Melon radicchio salad
Photo by Claire PorterMake use of your leftover cantaloupe by whipping up a quick salad of melon, radicchio, burrata and prosciutto. Purchase Photo

If you’ve followed this recipe to a T and are wondering what to do with your leftover half of a cantaloupe, consider tossing it in a radicchio salad. I know, it seems like I’m really off the rails here, but the melon’s juicy sweetness works perfectly when paired with something a little salty, something a little bitter and something a little creamy. And if you’re not putting Campari on your melons (or in your drinks), you’re truly missing out. The juiciness of the melon offsets the bitter liqueur for a perfect balance. Give it a shot. It will take you less than five minutes for you to put together—and succumb to the cantaloupe craze. 

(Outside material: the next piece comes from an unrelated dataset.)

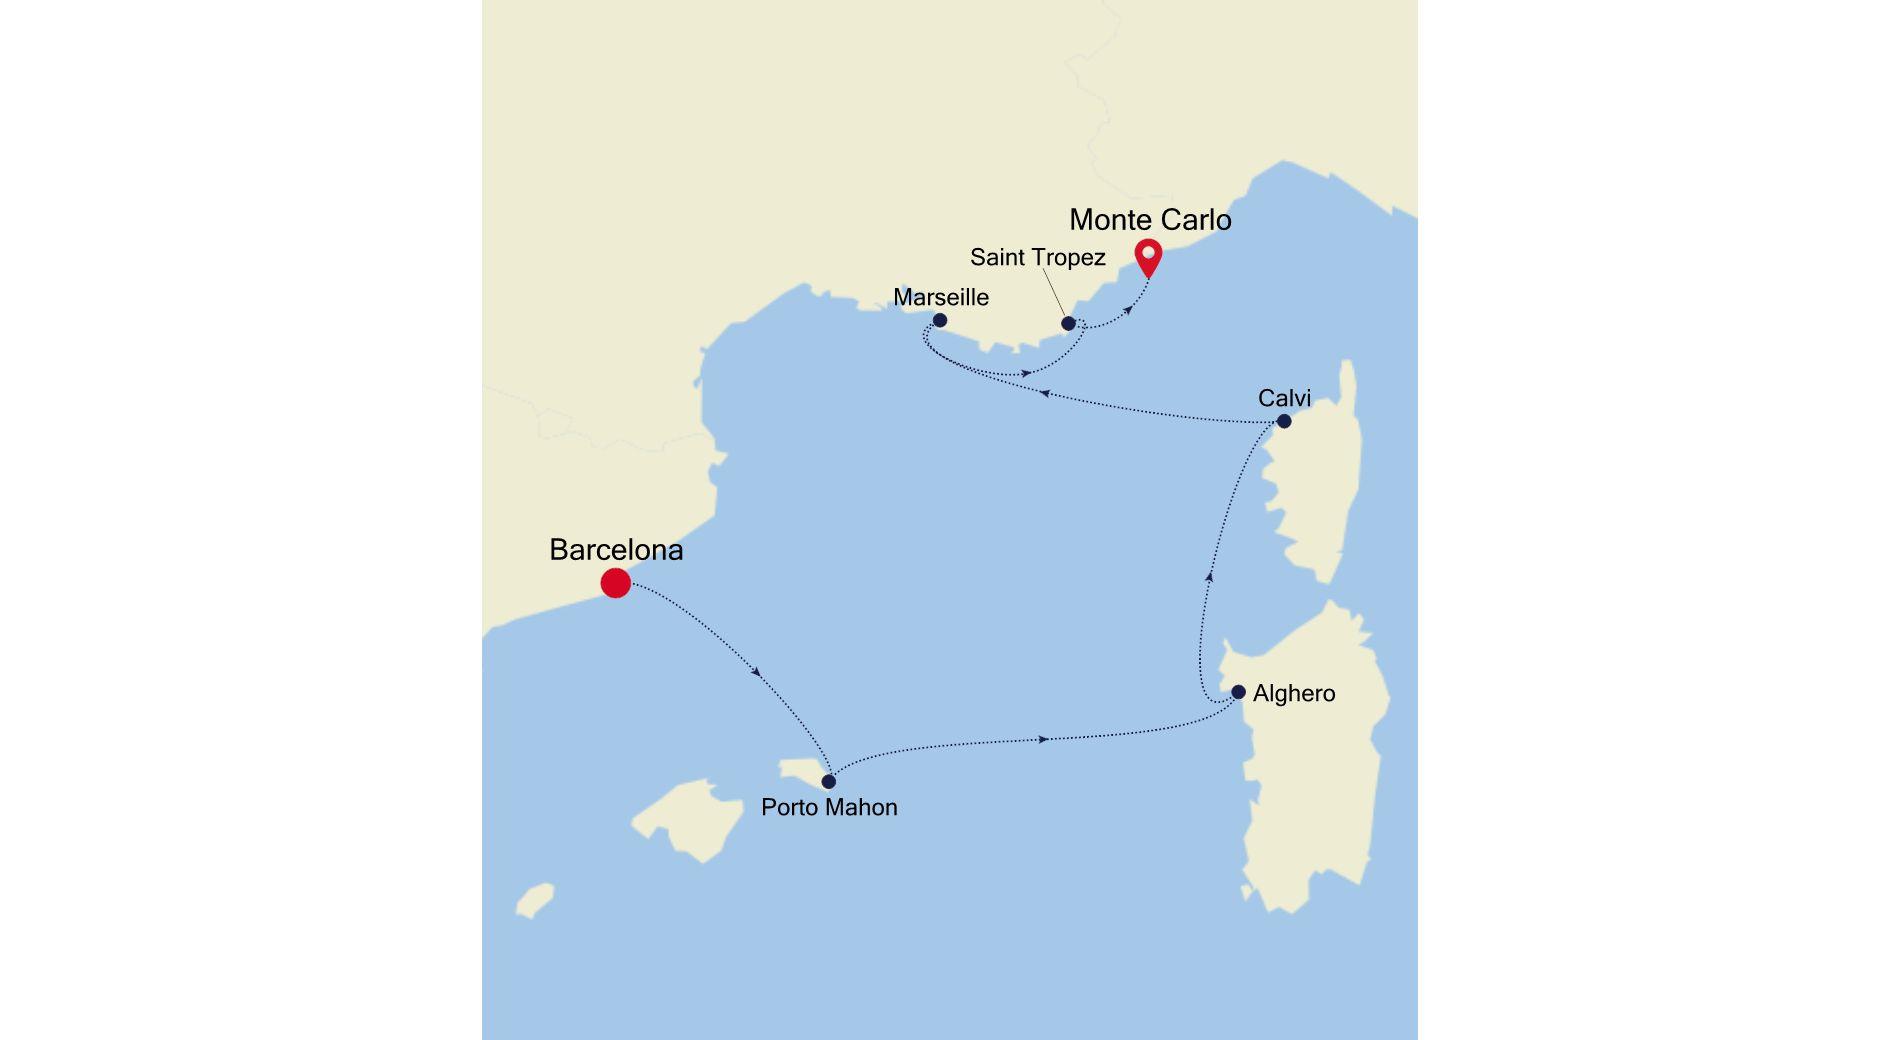 3915 - Barcelona to Monte Carlo

Radicchio Cantaloupe Salad

Serves 4

1 head of radicchio, leaves separated and washed
3 large sprigs of fresh mint, washed
1 3-ounce package prosciutto 
½ cantaloupe 
2 balls of burrata 
Extra virgin olive oil
White wine vinegar
Freshly cracked black pepper

To Prepare
Tear radicchio leaves and mint leaves into a bowl. Slice prosciutto into thin ribbons and add to bowl. De-seed, peel and cube your cantaloupe and add to bowl. Toss salad. Top with two balls of burrata. Drizzle salad with Campari, extra virgin olive oil and white wine vinegar to taste. Sprinkle with salt and freshly cracked black pepper. Serve.